■ Work instructions
Copy verbatim the block of lines in the entries below whose first line contains "3 x Bays of" and whose last line contains "Oil And Gas". Leave out all other lines.
[Data for processing Boundary: Start]
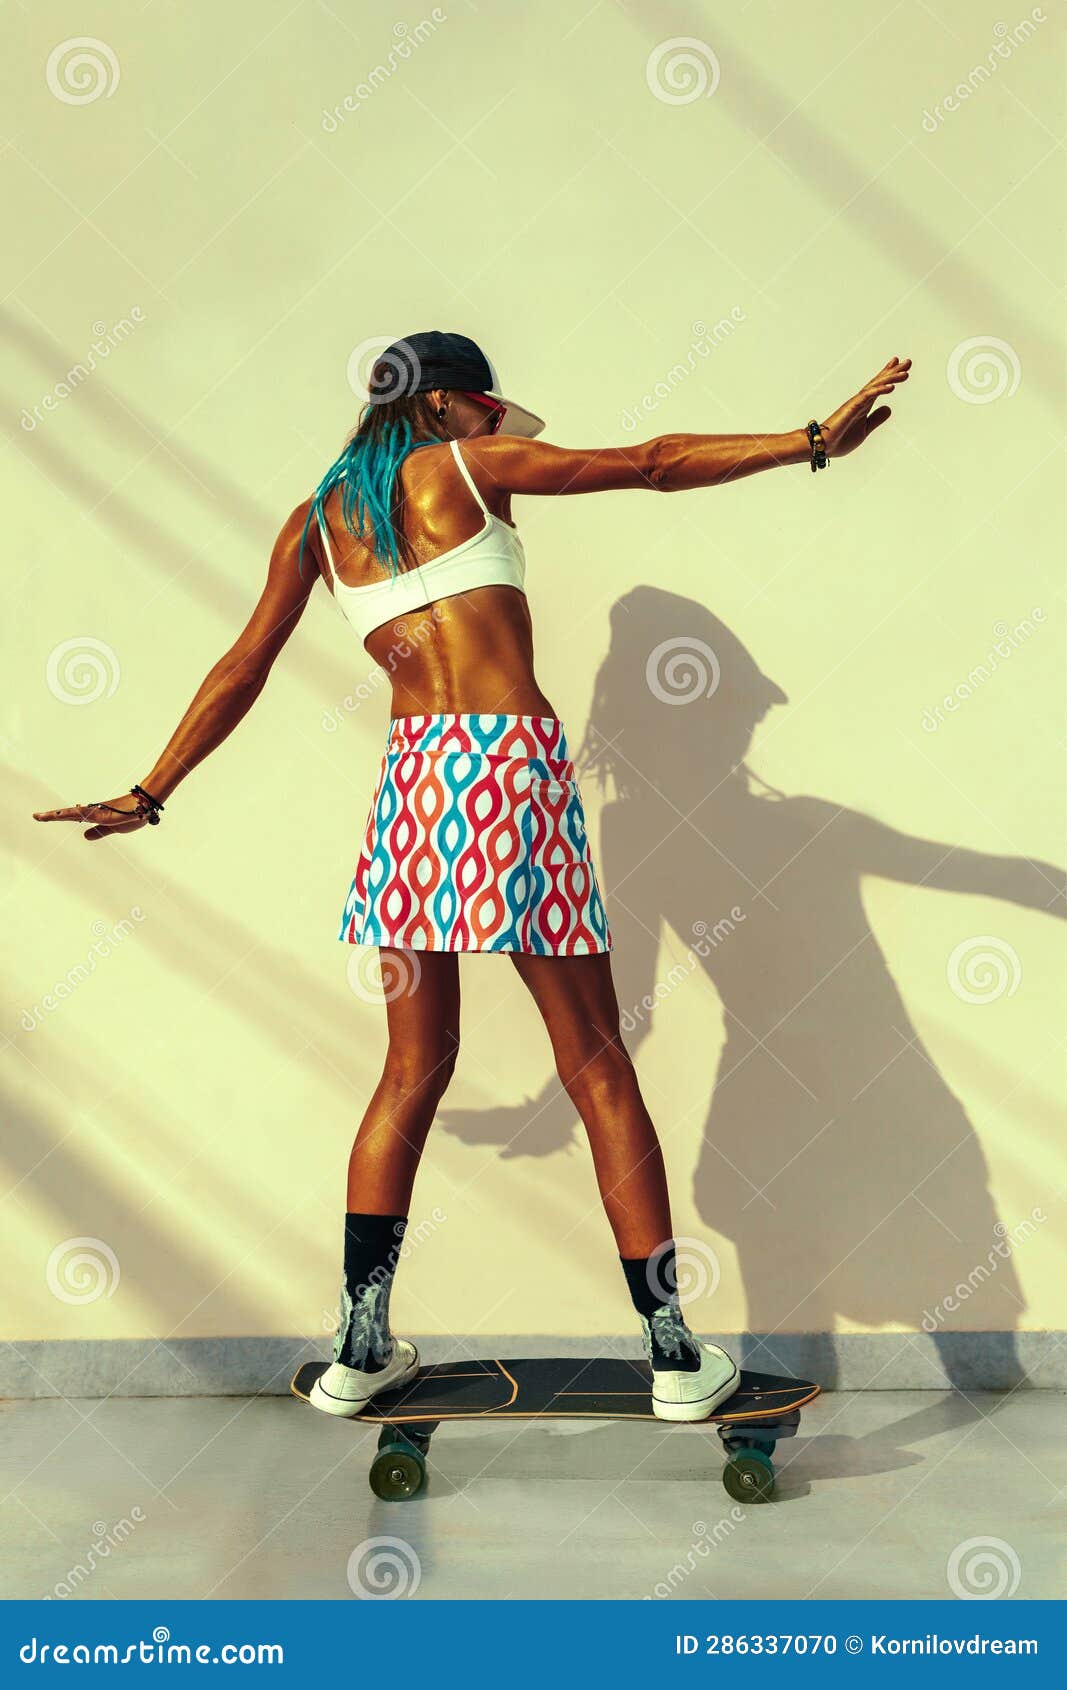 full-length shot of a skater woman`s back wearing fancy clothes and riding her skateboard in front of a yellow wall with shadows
[Data for processing Boundary: End]
[Data for processing Boundary: Start]
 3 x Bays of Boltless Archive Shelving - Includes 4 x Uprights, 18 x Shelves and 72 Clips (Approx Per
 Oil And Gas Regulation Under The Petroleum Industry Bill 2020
[Data for processing Boundary: End]
[Data for processing Boundary: Start]
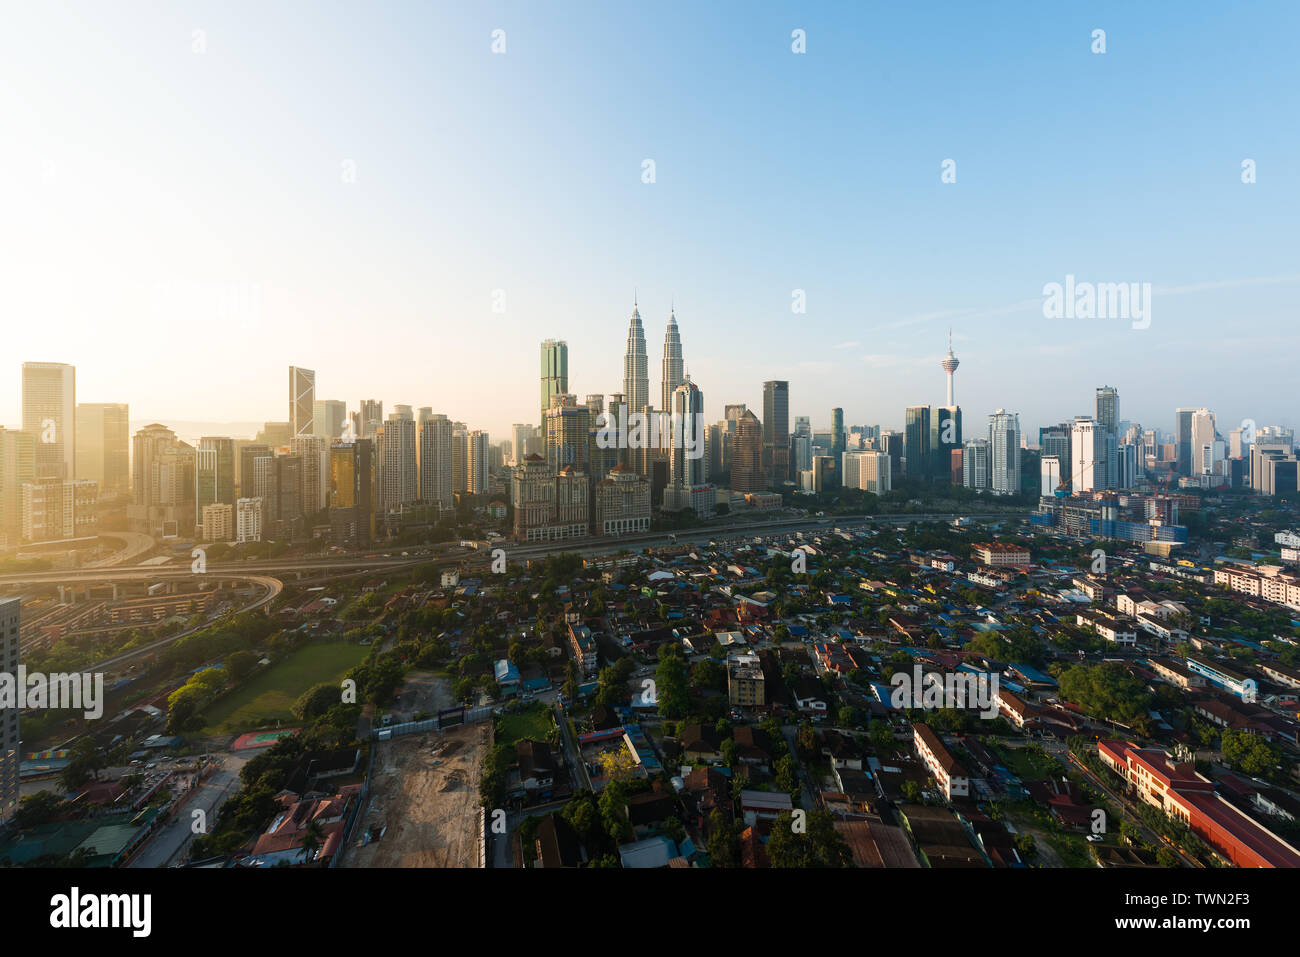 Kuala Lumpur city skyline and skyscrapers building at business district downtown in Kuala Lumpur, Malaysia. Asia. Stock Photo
[Data for processing Boundary: End]
■ Result of this task
 3 x Bays of Boltless Archive Shelving - Includes 4 x Uprights, 18 x Shelves and 72 Clips (Approx Per
 Oil And Gas Regulation Under The Petroleum Industry Bill 2020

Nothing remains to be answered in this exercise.